Work item:
Copy nothing but the lines running from the one containing "10 Lace Your Shoes Creatively - LifeHack" through the end of the listing below. Drop the pictures.

Supplied information:
┏━━

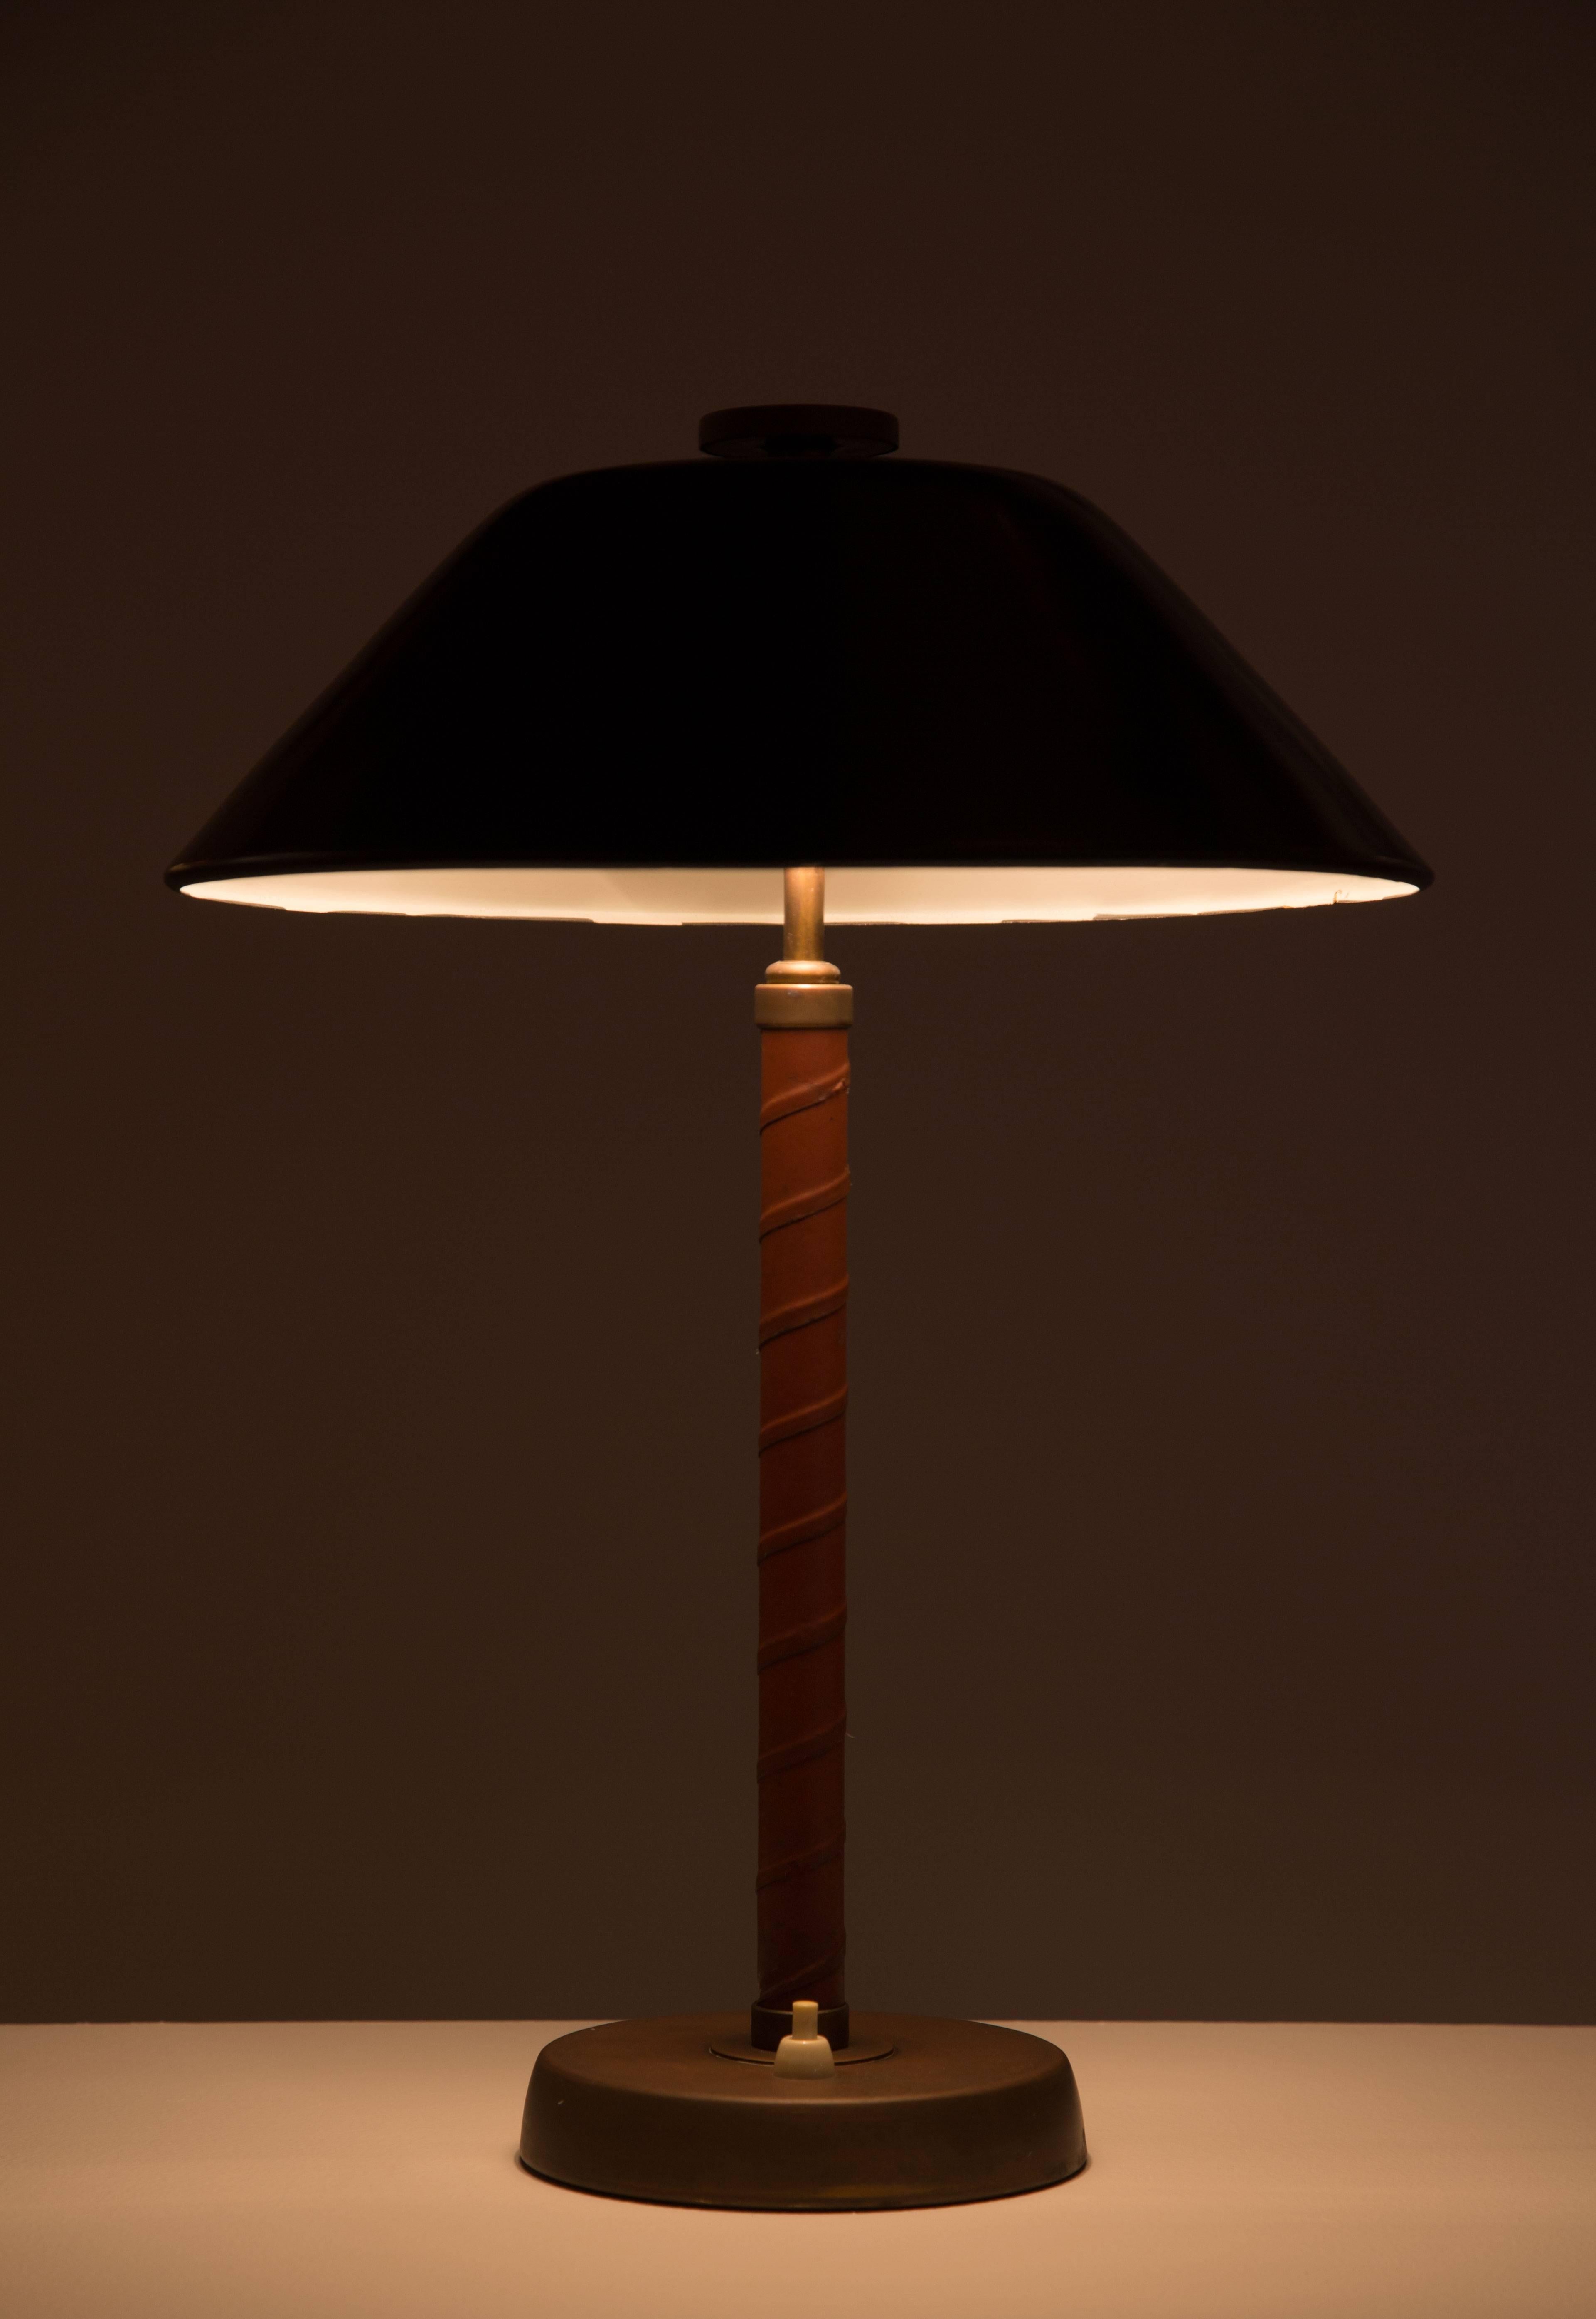 Swedish table lamp made of brass with a leather wrapped stem, designed and made by Einar Bäckström in Malmö, Sweden in the 1940s. Original cord. E27 60 W maximum bulb. Original made in Sweden stamp on the bottom.
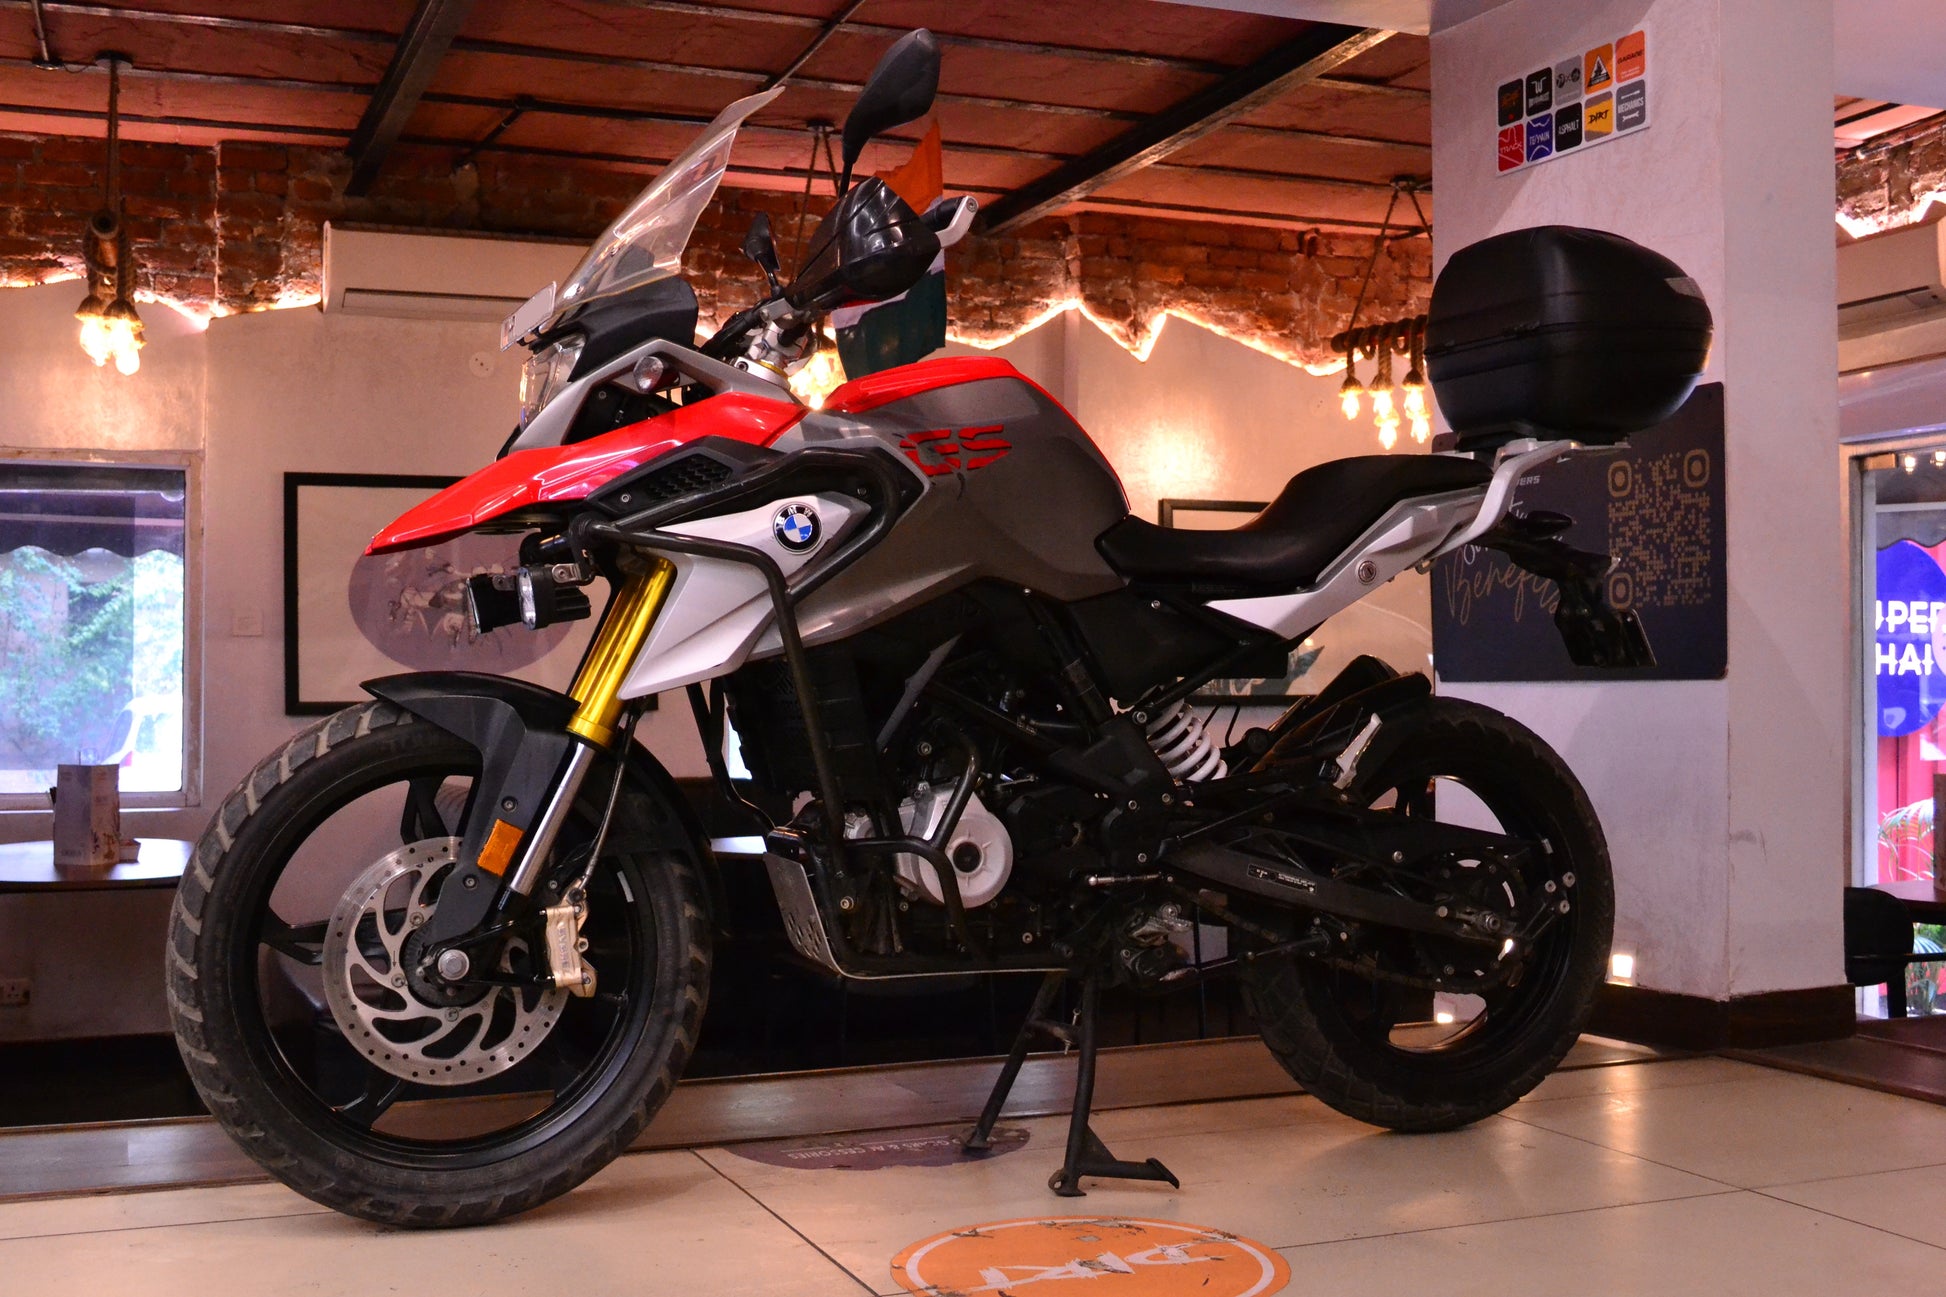 BMW G310 GS 2019 HR Registered For Sale Pathpavers Garage
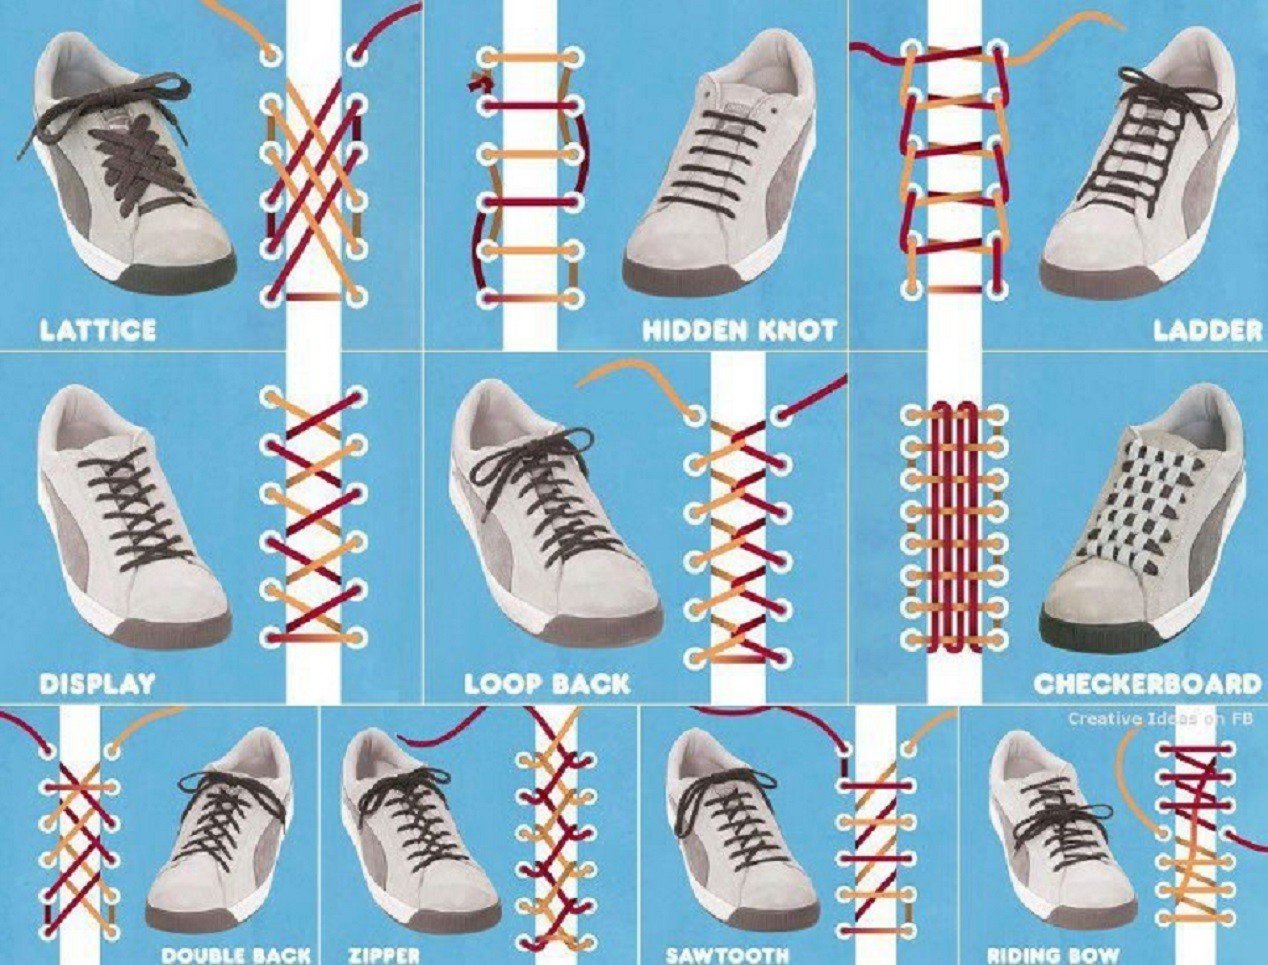 10 Lace Your Shoes Creatively - LifeHack
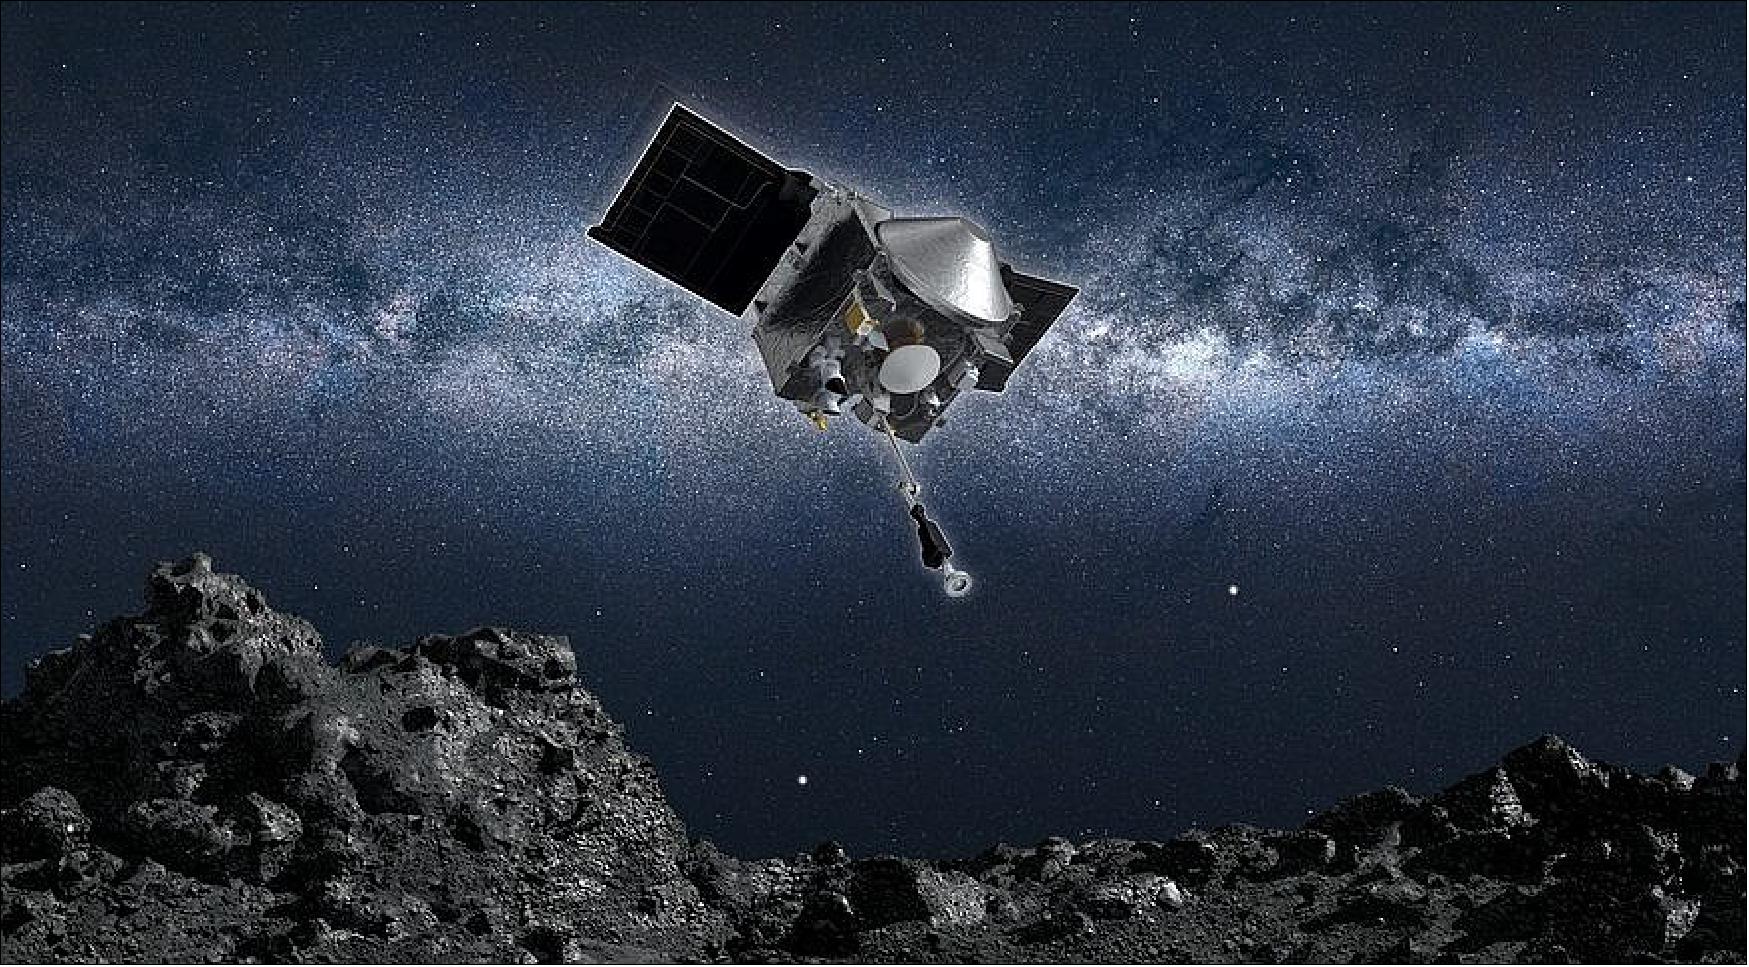 Figure 1: NASA's OSIRIS-REx mission, after returning samples collected from the asteroid Bennu, will get a second life as OSIRIS-APEX to visit the asteroid Apophis in 2029 (image credit: NASA/GSFC/Univ. of Arizona)

┗━━

Final answer:
 10 Lace Your Shoes Creatively - LifeHack
 Figure 1: NASA's OSIRIS-REx mission, after returning samples collected from the asteroid Bennu, will get a second life as OSIRIS-APEX to visit the asteroid Apophis in 2029 (image credit: NASA/GSFC/Univ. of Arizona)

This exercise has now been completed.